* **Task description**: Find the word "Stock" below. Copy each line that has it.

* **Data excerpts**:
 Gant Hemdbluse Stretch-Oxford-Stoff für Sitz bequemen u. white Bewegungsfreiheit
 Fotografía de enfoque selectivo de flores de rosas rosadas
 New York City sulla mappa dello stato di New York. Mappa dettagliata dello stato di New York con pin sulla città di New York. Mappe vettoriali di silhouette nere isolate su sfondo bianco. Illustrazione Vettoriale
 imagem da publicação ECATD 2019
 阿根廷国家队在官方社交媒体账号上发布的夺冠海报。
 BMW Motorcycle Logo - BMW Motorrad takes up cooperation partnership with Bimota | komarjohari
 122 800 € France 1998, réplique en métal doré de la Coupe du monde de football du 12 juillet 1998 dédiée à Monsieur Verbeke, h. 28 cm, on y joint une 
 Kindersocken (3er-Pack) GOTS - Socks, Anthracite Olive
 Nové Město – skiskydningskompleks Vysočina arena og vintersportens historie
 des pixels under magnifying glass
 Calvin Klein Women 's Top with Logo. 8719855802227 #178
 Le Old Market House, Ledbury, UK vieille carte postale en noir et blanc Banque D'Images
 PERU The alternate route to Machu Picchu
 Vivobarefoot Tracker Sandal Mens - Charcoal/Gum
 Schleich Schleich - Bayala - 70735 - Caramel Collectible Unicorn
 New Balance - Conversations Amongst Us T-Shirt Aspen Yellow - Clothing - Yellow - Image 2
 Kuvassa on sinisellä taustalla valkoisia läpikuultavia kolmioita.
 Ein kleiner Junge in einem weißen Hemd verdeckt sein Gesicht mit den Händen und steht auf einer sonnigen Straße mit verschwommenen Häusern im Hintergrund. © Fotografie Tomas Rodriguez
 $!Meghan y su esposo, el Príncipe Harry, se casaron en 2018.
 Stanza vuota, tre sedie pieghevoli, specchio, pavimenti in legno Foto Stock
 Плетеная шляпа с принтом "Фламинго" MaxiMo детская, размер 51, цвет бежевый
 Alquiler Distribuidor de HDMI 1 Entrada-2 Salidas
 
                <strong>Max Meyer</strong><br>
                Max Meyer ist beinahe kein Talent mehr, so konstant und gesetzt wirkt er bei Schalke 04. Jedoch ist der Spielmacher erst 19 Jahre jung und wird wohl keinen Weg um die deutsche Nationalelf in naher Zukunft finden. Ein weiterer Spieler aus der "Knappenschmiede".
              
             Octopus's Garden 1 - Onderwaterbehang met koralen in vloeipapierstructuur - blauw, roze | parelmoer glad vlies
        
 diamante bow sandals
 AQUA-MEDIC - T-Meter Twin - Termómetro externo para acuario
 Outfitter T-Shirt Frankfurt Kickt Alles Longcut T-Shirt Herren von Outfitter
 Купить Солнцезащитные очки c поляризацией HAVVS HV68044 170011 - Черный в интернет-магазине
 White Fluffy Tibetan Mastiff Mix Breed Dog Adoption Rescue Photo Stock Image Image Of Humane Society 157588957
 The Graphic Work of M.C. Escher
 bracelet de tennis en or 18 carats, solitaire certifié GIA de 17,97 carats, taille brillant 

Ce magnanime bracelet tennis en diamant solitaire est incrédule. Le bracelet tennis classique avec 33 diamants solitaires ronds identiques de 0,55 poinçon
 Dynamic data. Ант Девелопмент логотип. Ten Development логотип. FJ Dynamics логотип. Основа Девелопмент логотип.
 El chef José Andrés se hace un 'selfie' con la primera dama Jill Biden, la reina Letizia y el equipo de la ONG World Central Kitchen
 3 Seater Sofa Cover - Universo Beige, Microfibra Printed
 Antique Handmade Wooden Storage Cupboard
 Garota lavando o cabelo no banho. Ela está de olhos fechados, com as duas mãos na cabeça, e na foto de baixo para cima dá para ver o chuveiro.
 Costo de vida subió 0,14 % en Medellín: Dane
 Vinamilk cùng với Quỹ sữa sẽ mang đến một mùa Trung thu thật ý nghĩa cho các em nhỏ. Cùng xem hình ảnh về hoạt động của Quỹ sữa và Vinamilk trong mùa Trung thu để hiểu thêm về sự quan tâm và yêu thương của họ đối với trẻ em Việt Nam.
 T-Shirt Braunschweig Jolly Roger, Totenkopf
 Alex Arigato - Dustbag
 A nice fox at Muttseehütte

* **Task solution**:
 Stanza vuota, tre sedie pieghevoli, specchio, pavimenti in legno Foto Stock
 White Fluffy Tibetan Mastiff Mix Breed Dog Adoption Rescue Photo Stock Image Image Of Humane Society 157588957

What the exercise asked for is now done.